時晚晚踏進前院時正瞧見一道魁梧的身影正指揮著人將一個個大箱子有條不紊地搬進府內。
“五……五師伯?”
時晚晚許久不回來,單憑背影還是不太確定,只能試探性地喊一聲。
只見那人猛地回頭,那粗獷的大臉以及那滿臉的絡腮鬍,不是她五師伯還有誰。
時晚晚五師伯,也就是許昌吉回頭見到一個長得好看的姑娘衝他喊五師伯,一眼就認出了是時晚晚,便將指揮的活交給他人,大步流星地走了過來。
“哎呀!幾年不見晚晚你都長這麼大了呀!高了,也瘦了,嘖!我就說外國的飯不養人,我們那個圓乎乎的晚晚都餓成瘦麻桿了!”
隨著聲音下來的還有許昌吉的厚重的手掌,一下又一下的拍在了時晚晚肩頭。
太久沒接觸了,時晚晚已經忘記了她家五師伯的手勁多重了,饒是時晚晚現在內力厚重也差點被拍出內傷來。
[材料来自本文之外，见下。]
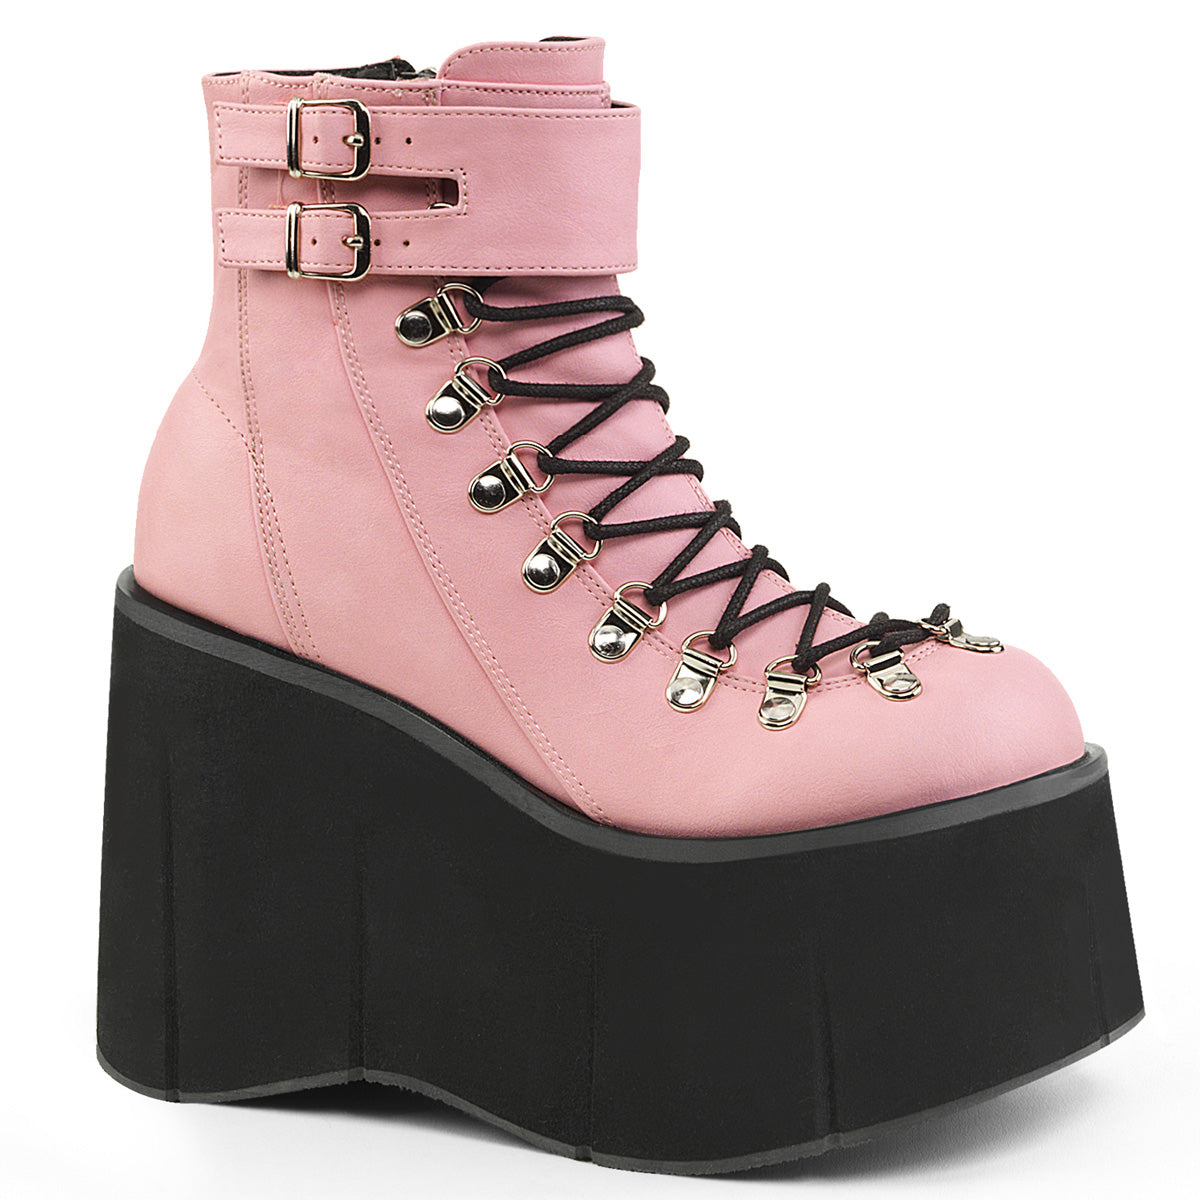 KERA-21 Alternative Footwear Demonia Women's Ankle Boots B. Pink Vegan Leather

時晚晚不動聲色地往後退了一步,說道:“多年不見,五師伯你的手勁比當年更甚了呢!”
“哎呦!忘了忘了。不好意思,經常揍許大許二他們兩個臭小子,乍一見你,忘了收著點力氣了!”
許昌吉不好意思的收回手撓了撓頭。
許大許二是五師伯家的雙生子,許大叫許桓,許二叫許淵,比時晚晚大幾歲,也是從小上山抓鳥下河摸魚的皮小子,小時候那調皮勁跟時晚晚比起來也是不相上下了,在許昌吉沒有來北邊分局押鏢之時,許桓和許淵兩人沒少帶著時晚晚漫山遍野地跑,也是時晚晚小時候唯二玩得來的同齡人,不過兩人隨父離開清風寨之後,在莫語莫莉沒來之前時晚晚就是孤零零一人。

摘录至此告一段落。